(Beginning of EXCERPTED DATA)
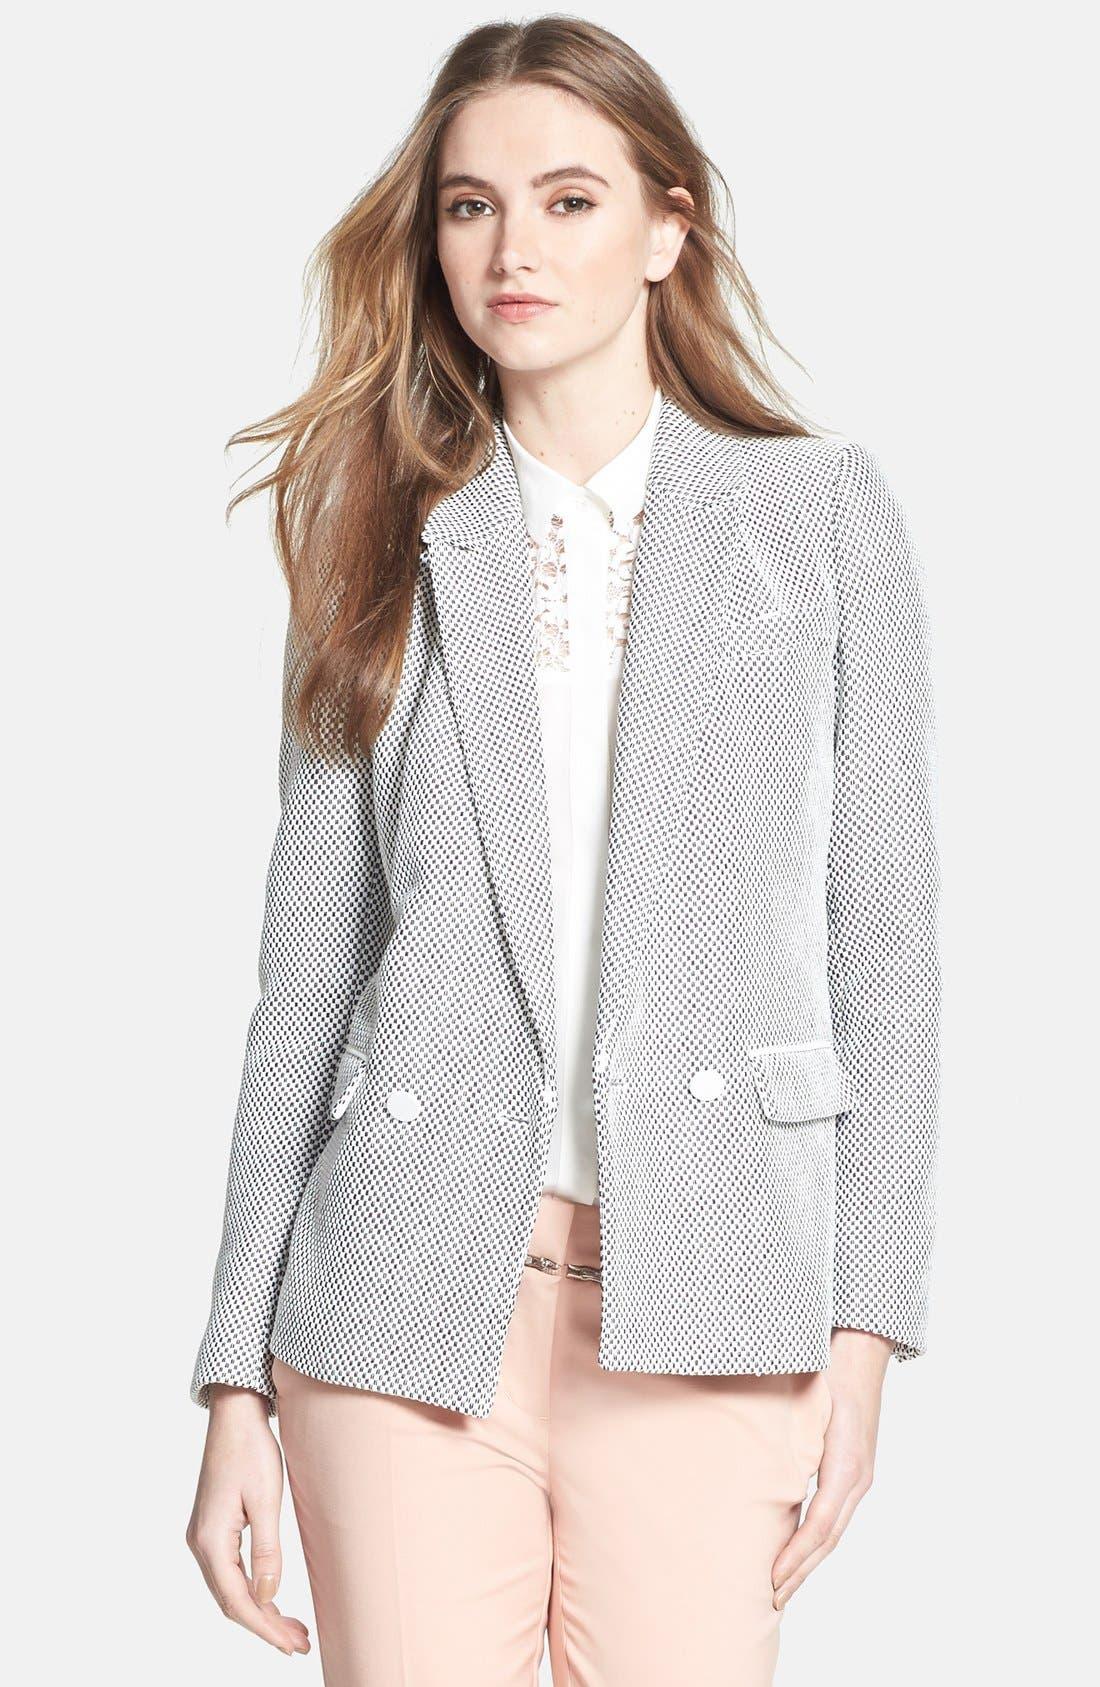 Alternate Image 1 Selected - Rebecca Taylor 'Honeycomb' Jacket
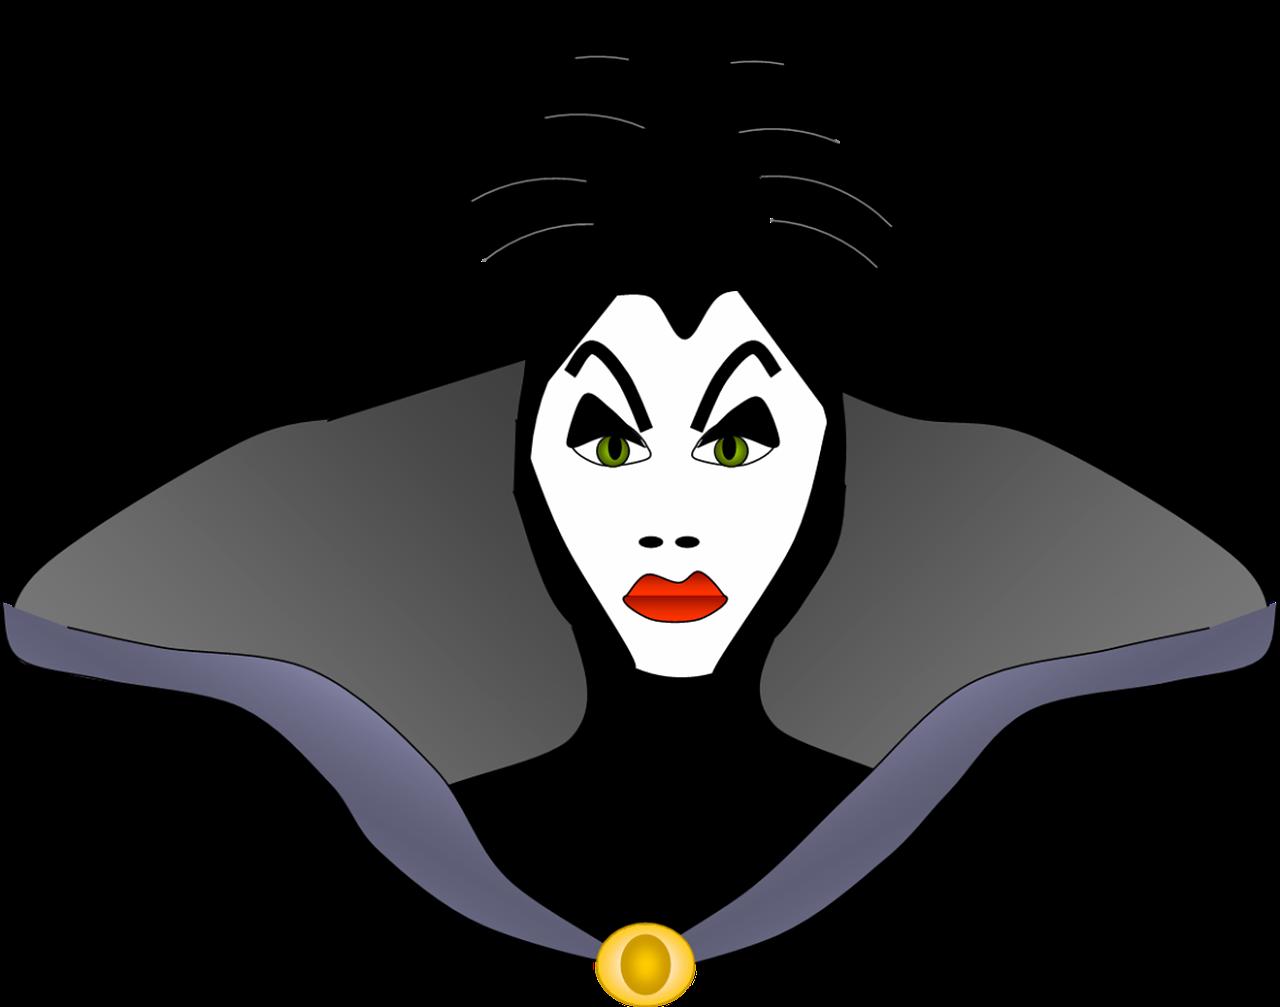 Maleficent Characters Cartoon Free Image On Pixabay
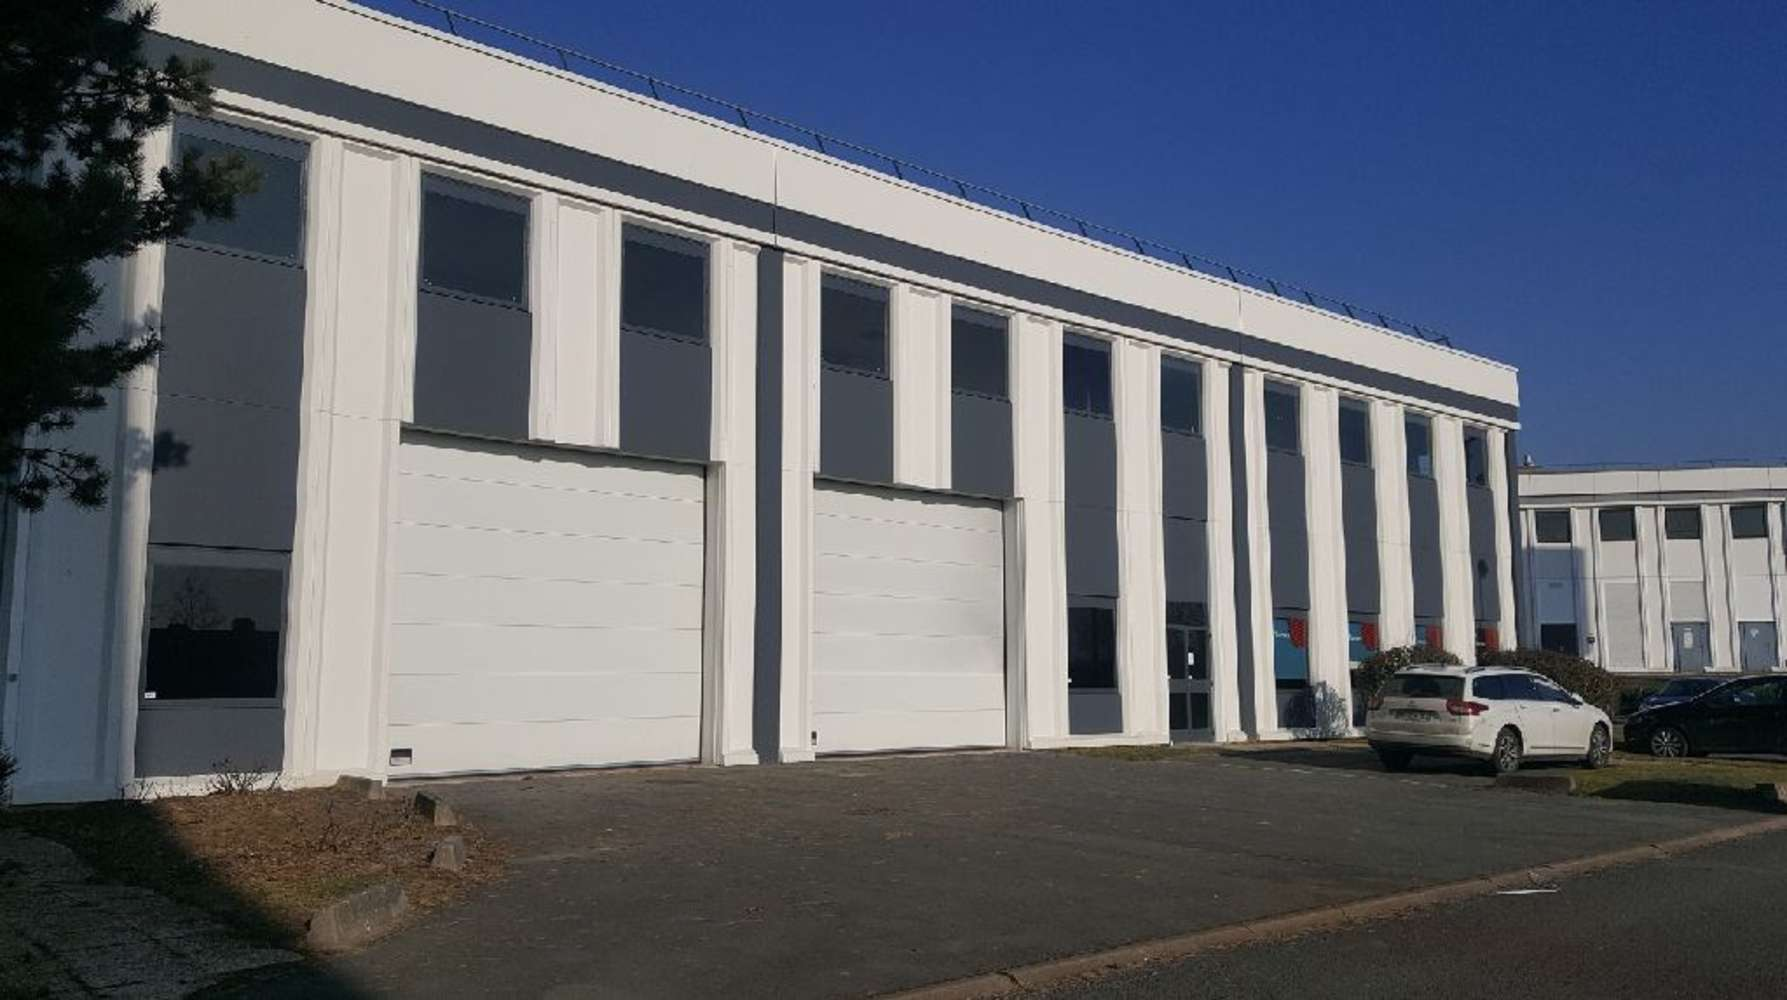 Activités/entrepôt Villebon sur yvette, 91140 - NEFLIER - 9520909
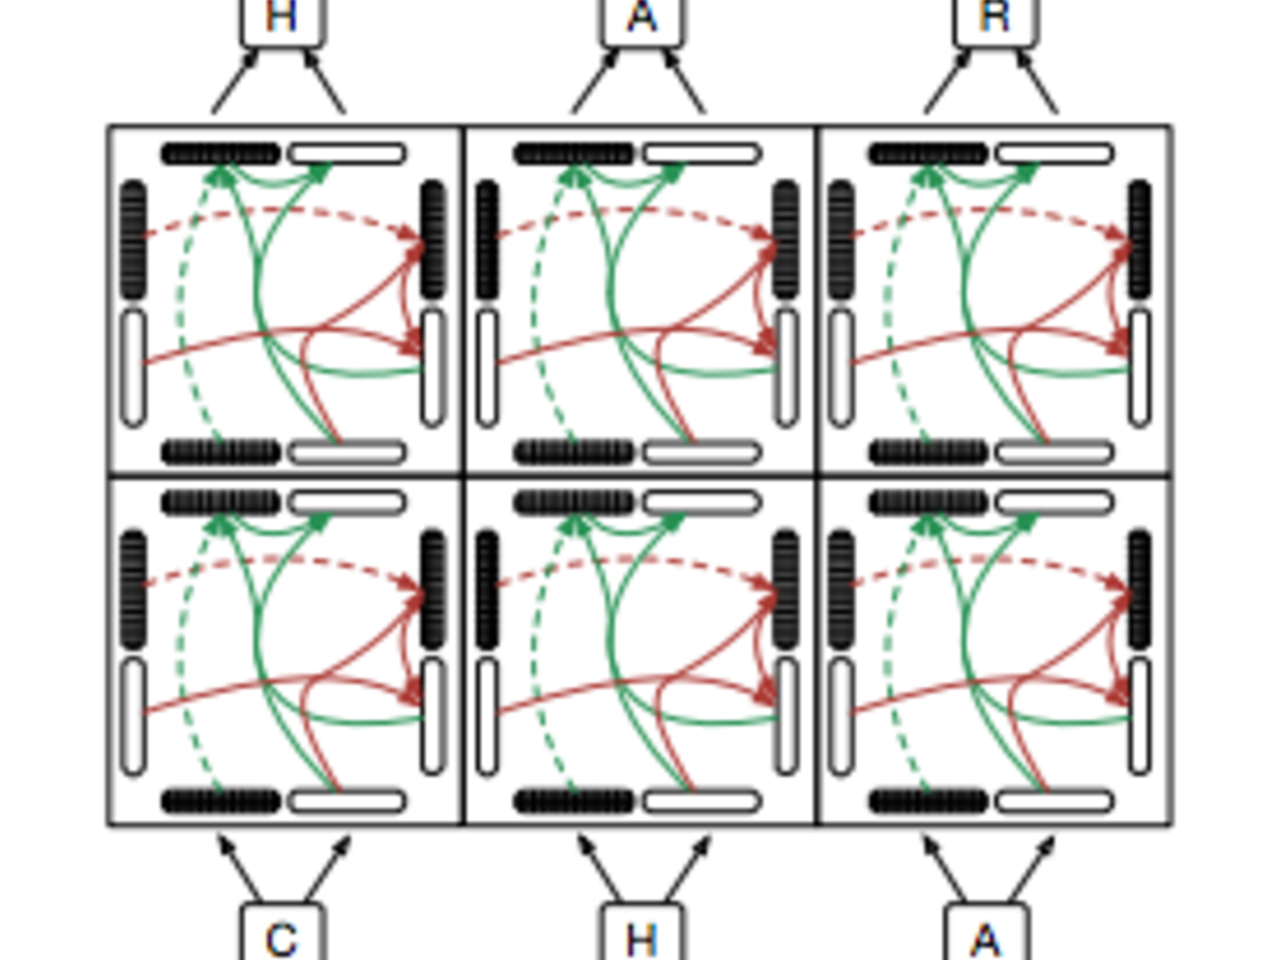 GridRNN in tensorflow
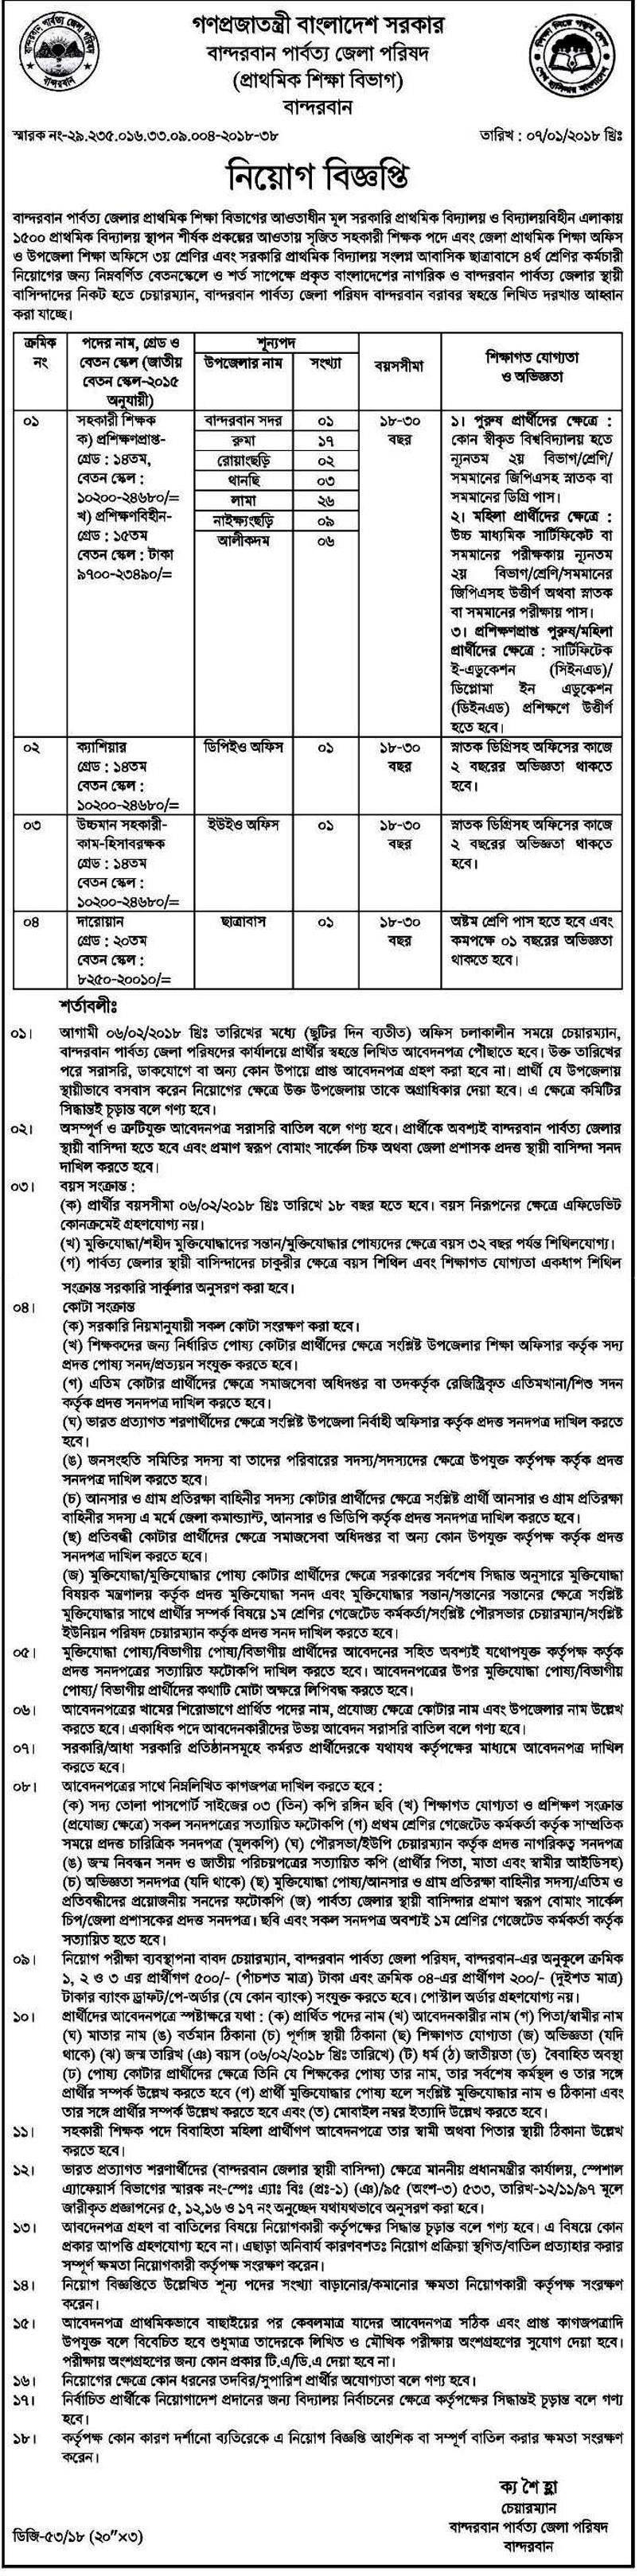 Primary School Job Circular 2018
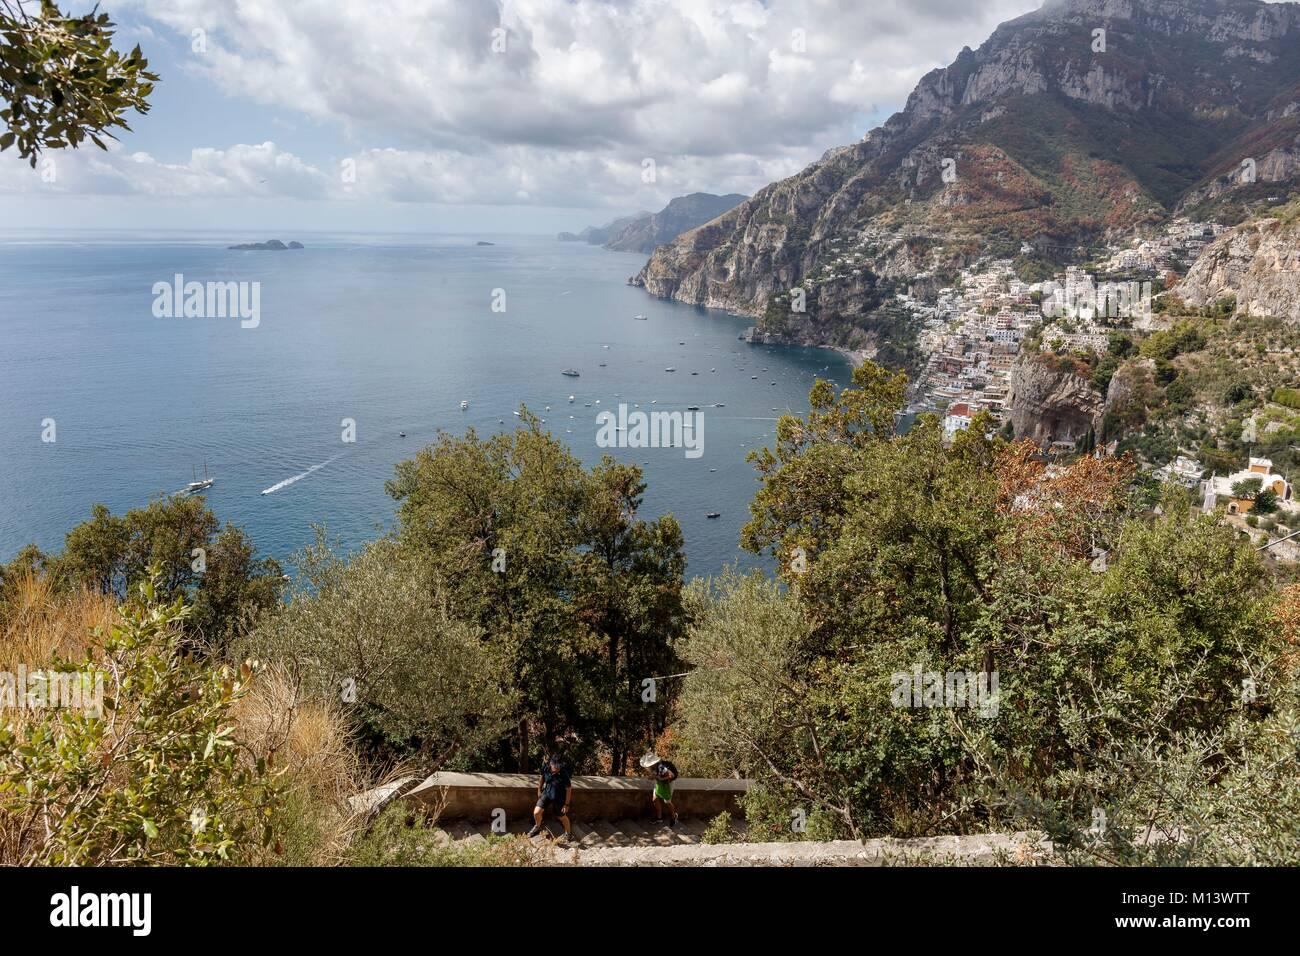 Italy, Campania, Bomerano, Amalfi coast listed as World Heritage by UNESCO, Sentiero degli Dei (path of the Gods), - Stock Image
(End of EXCERPTED DATA)
The records above must be printed exactly, but the pictures they hold should be omitted.

 Alternate Image 1 Selected - Rebecca Taylor 'Honeycomb' Jacket
 Maleficent Characters Cartoon Free Image On Pixabay
 Activités/entrepôt Villebon sur yvette, 91140 - NEFLIER - 9520909
 GridRNN in tensorflow
 Primary School Job Circular 2018
 Italy, Campania, Bomerano, Amalfi coast listed as World Heritage by UNESCO, Sentiero degli Dei (path of the Gods), - Stock Image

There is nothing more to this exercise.